Epistemological Hierarchies+description
If Consciousness is:
The idea "Consciousness" is a way of communicating the experience of being aware, of participating in the development of one's own changing relationship with Image.
is it useful to play with epistemological hierarchies? I find myself experimenting with them frequently, mostly as a device to be able to communicate their limitations while at the same time deploying their descriptive and provocative qualities.
If epistemology has to do with ways of knowing what is known, and hierarchies allow experiments with what must be known as an exclusive or inclusive prerequisite in order for other things to be known, then the chicken-and-egg game of what comes first, what is the larger category into which other frames of reference fit, may be more fruitful than it seems at first. As long as this is an experiment in becoming clearer about one's own presuppositions, and not an establishment of The Truth, then it may be more fruitful than not.

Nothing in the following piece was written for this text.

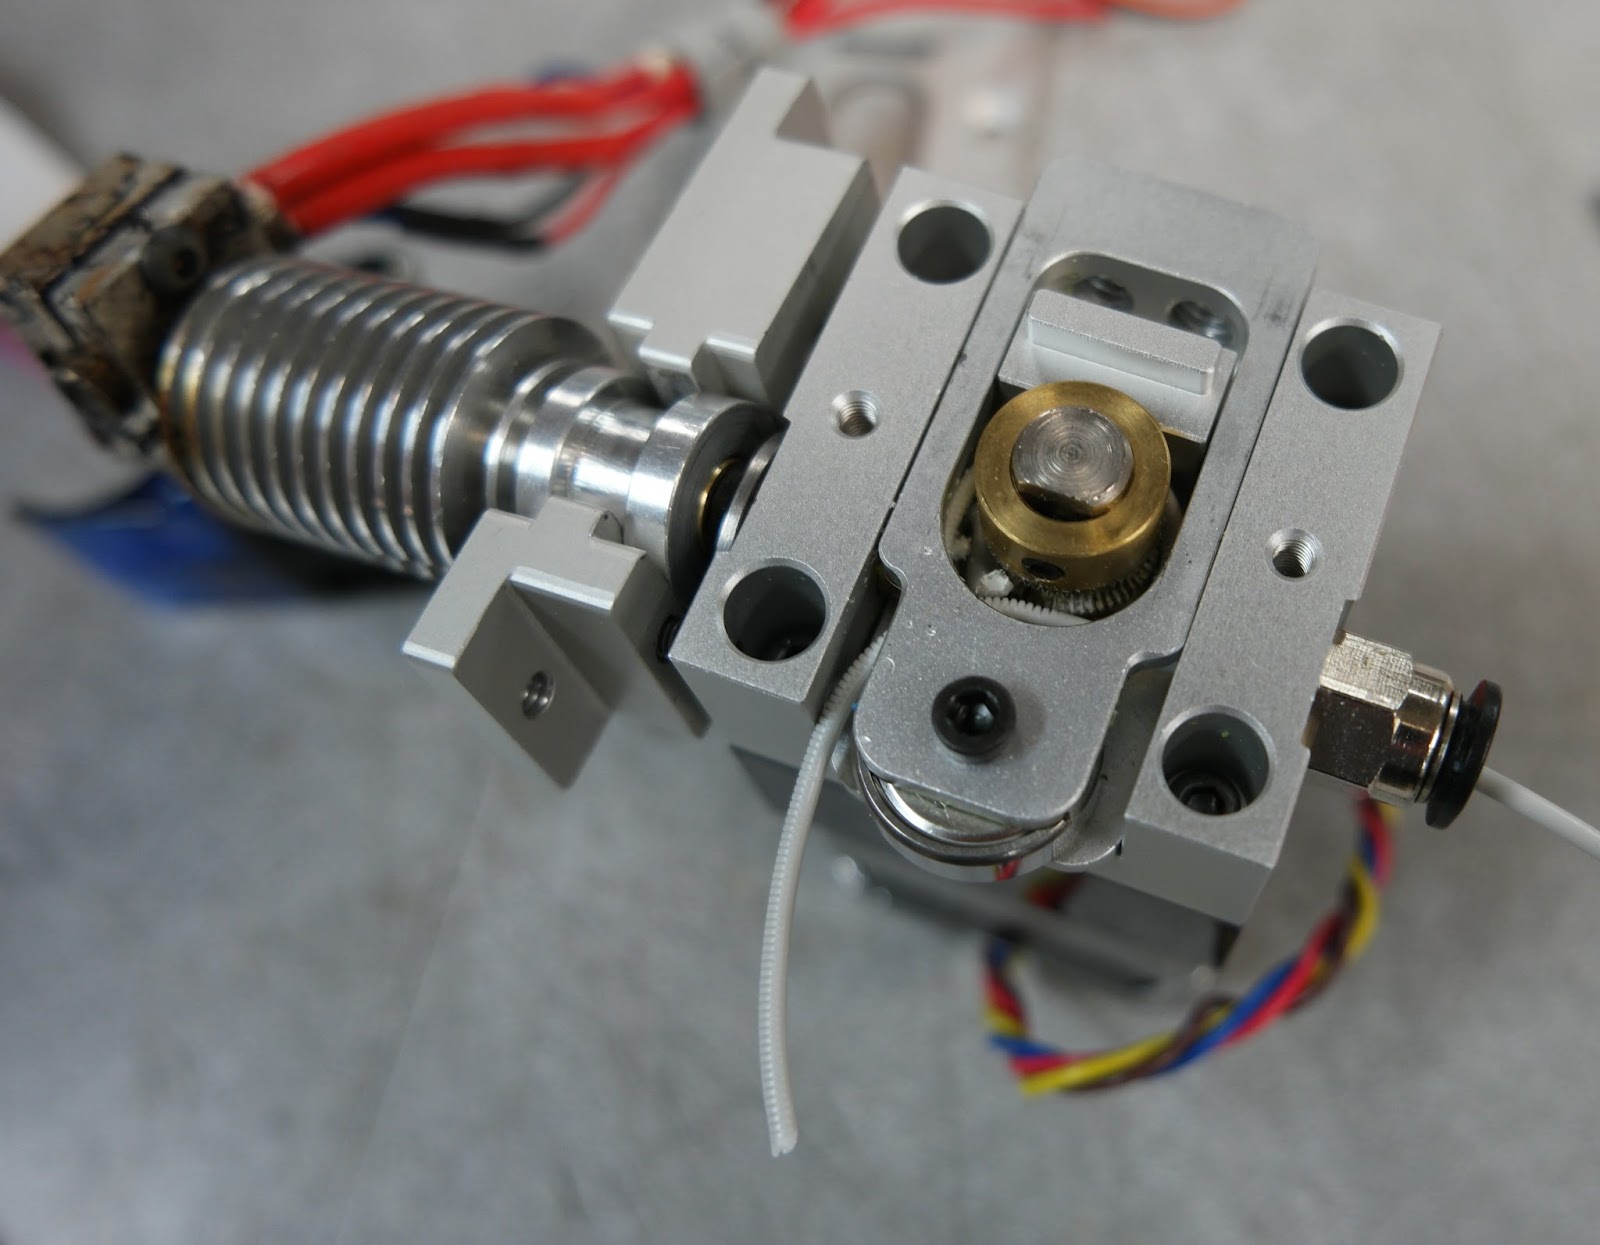 Mark Rehorst's Tech Topics: 3D Printer Hot-end and Extruder Designs - WrappeD
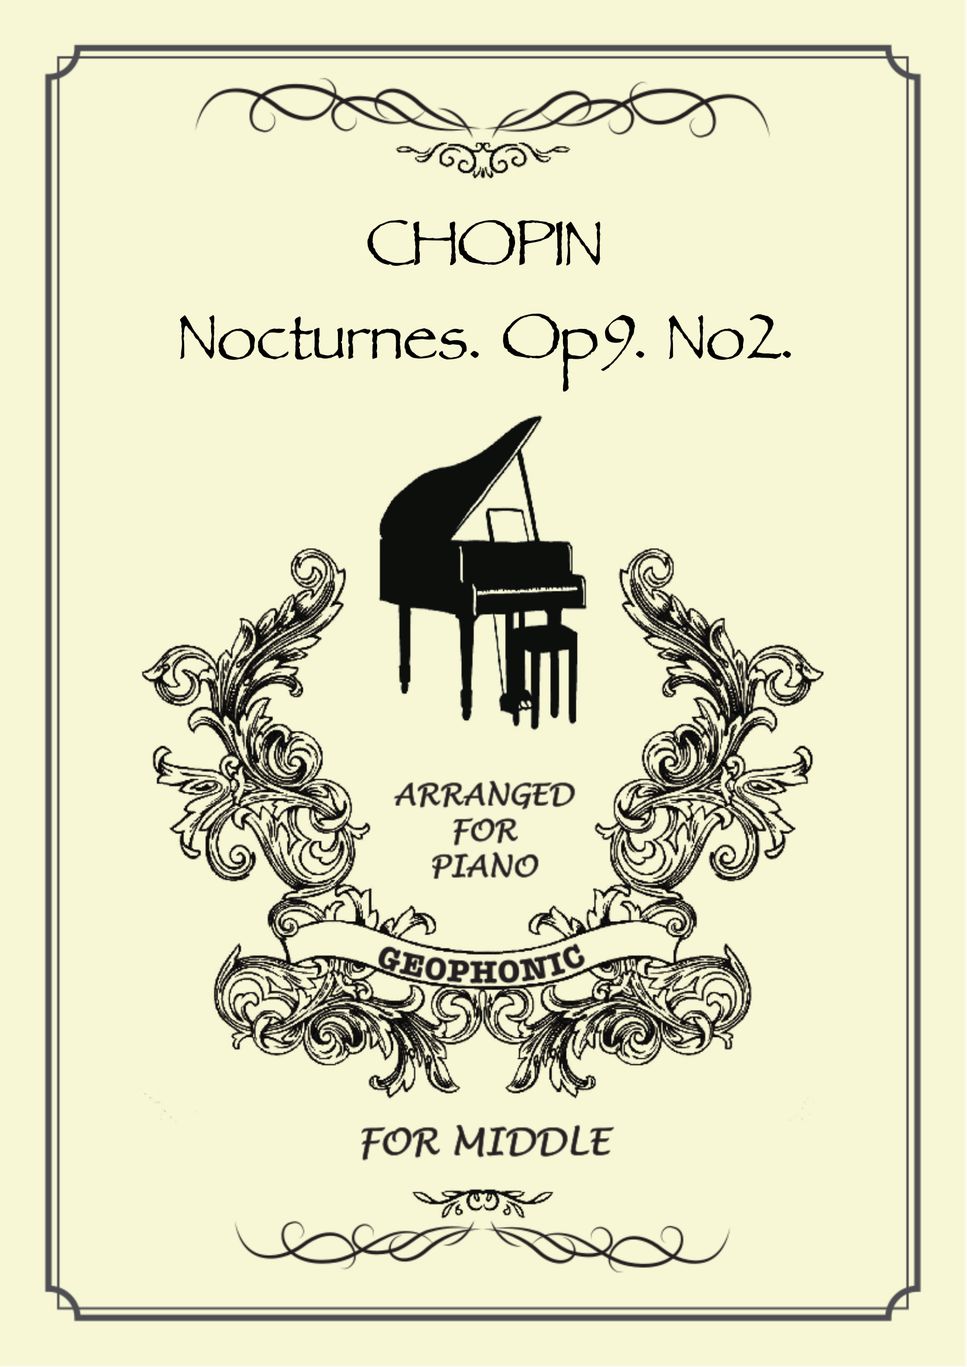 Chopin - Nocturne Op.9 No.2. by GEOPHONIC

This has disciplinary consequences, of course. For instance, what about the discussion of the place of Mythography?
- Perhaps Consciousness/awareness of Image is the universal context and prerequisite for all other frames of reference.
- Next might come the configuration of consciousness in terms of the impulse and act of Communications.
- Then, perhaps, the configuration of Communications in terms of the development and deployment of Symbol, of spoken and unspoken language.
- Then mythicity, the shaping of Consciousness through Communications of symbols in terms of Narrative (sequence that conveys particular meaning), plot (psychological motivation and meaning), and Context (Archetypal ideas made particular/situationally appropriate). The result/working of mythicity (mythic consciousness) is mythology or, in the contemporary understanding of "mythology", mytho-psychology.
- Hermeneutics, Mythography, Linguistics, Semantics and similar interpretive strategies follow.
The above configuration of steps in the unfolding of consciousness is a thought experiment in progress.